The analytical methods used are unquestionable

Please explain why only 3 individuals were used in the RT-qPCR study? Similarly, 3 individuals were used for immunohistological and ummunofluorescence analyses. Does this small number provide statistical certainty?

Variations in the supply of nutrients to follicles can have a significant influence on the rate of fiber production and the characteristics of the fleece. Most sheep and goats are kept under free-ranging conditions and the quantity of feed available to them may vary throughout the year. Consequently, the peak rate of wool growth is frequently two to three times the minimum rate for the spread of sheep. Controlled feed experiments have achieved the large effect of feed-intake on the rate of wool growth; triple to fourfold changes in the rate of wool growth may be induced in a single animal. There is less experimental evidence available to regulate the effects of diet on the fiber production of goats. There is no general agreement on the precise form of the relationship between the will to promote growth and feed intake. Available evidence points to a positive linear relationship between intake of digestible try matter and wool growth, and states there is no unequivocal evidence for a curvilinear relationship although, this may occur at rates of wool growth approaching the genetic potential. It has been suggested that wool growth rate is influenced by the extent and direction of body weight change.

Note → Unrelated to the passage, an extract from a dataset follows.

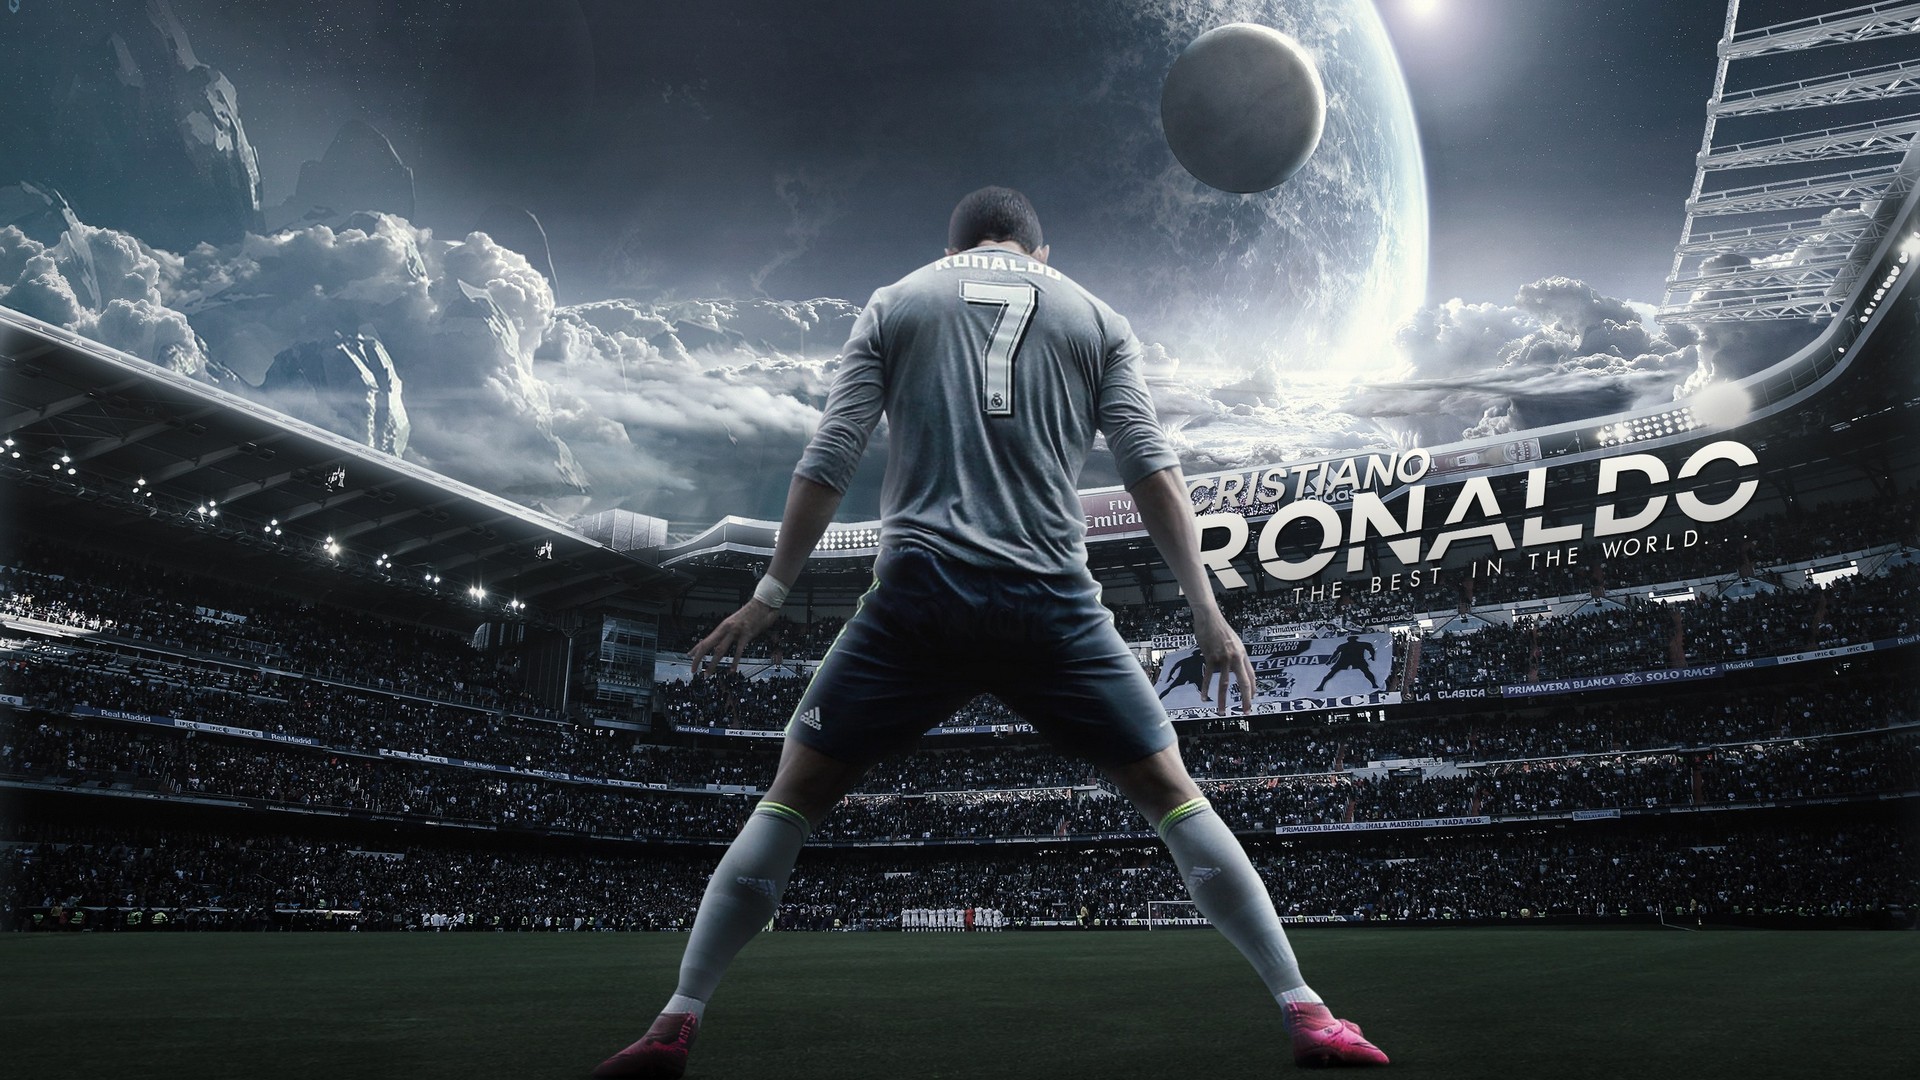 Cristiano Ronaldo Juventus Wallpaper HD with image resolution 1920x1080 pixel. You can make this wallpaper for your Desktop Computer Backgrounds, Mac Wallpapers, Android Lock screen or iPhone Screensavers
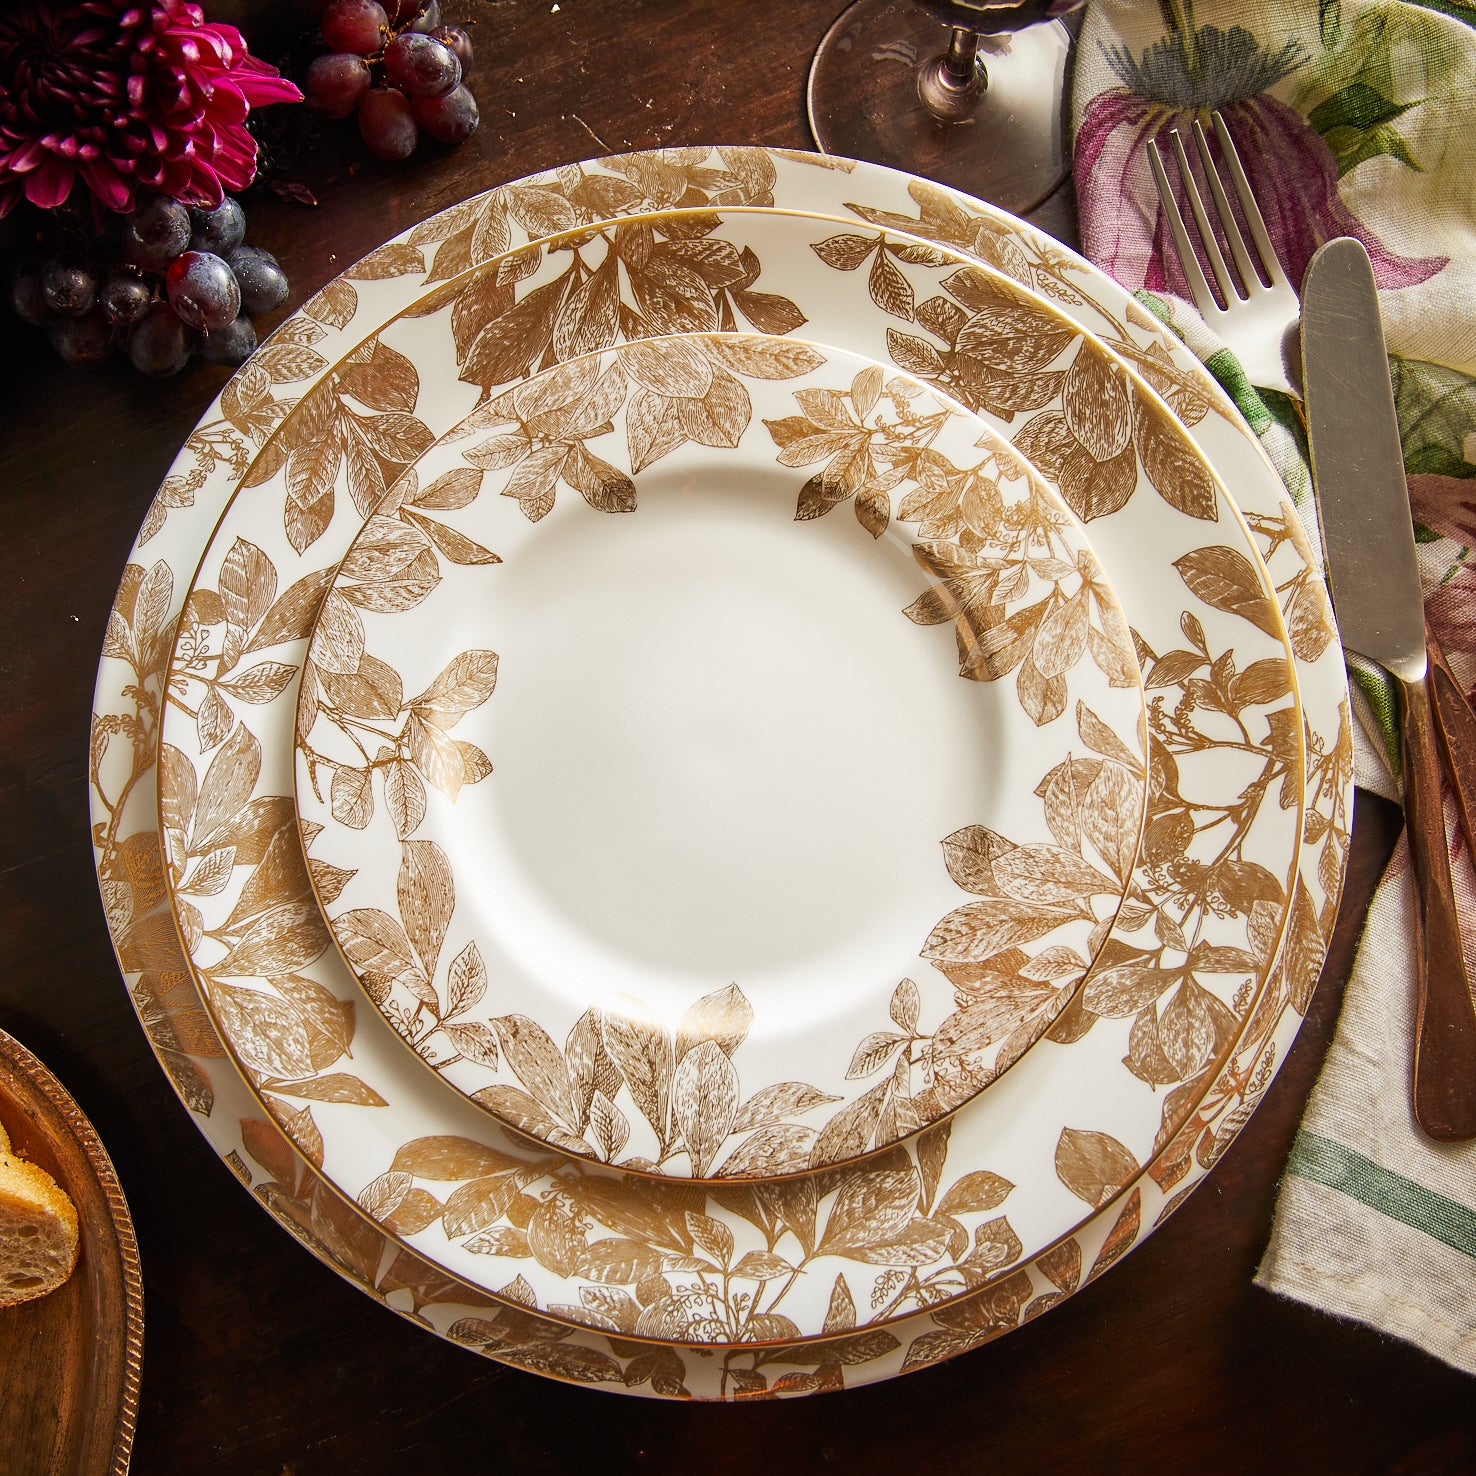 A Caskata Artisanal Home Arbor Gold Rimmed Charger with gold leaf pattern botanical details around the edge.

 It is regrettable that the second breed of the experiment was designed to obtain the results of Lef1 and Dlx3 of the tested sheep of the breed Gansu Alpine Merino.

 

Results:

The results are presented in the form of 7 drawings and 2 drawings.

RT-qPCR results showed that both Lef1 and Dlx3 were expressed during hair follicle development. MRNA levels were significantly different depending on the age of the animals, with skin mRNA levels significantly higher at day 30 than in the other three age groups. The tissue was stained in the collected skin samples to analyse the development of Gansu Alpine Merino skin. It is regrettable that the histological studies were not compared with the blood metabolites, in particular with the sulphurous amino acids methionine, serine, cystine, cysteine, lysine and also with the markings in the wool of trace elements including zinc and copper.

 

Discussion:

The discussion chapter is well written, although the scope of data including analysis of gene expression of 2 genes and histochemical studies is very limited. In future, physiological as well as ecological and nutritional factors should be taken into account.

General remark

 I think the article should be corrected before publication.

Author Response

Please see the attachment

Author Response File: Author Response.docx

Round 2

Reviewer 1 Report

The manuscript has been improved and is almost ready for acceptance. However, the authors must perform a careful reading, in order to correct various linguistic problems scattered throughout the manuscript. Then the manuscript will be acceptable.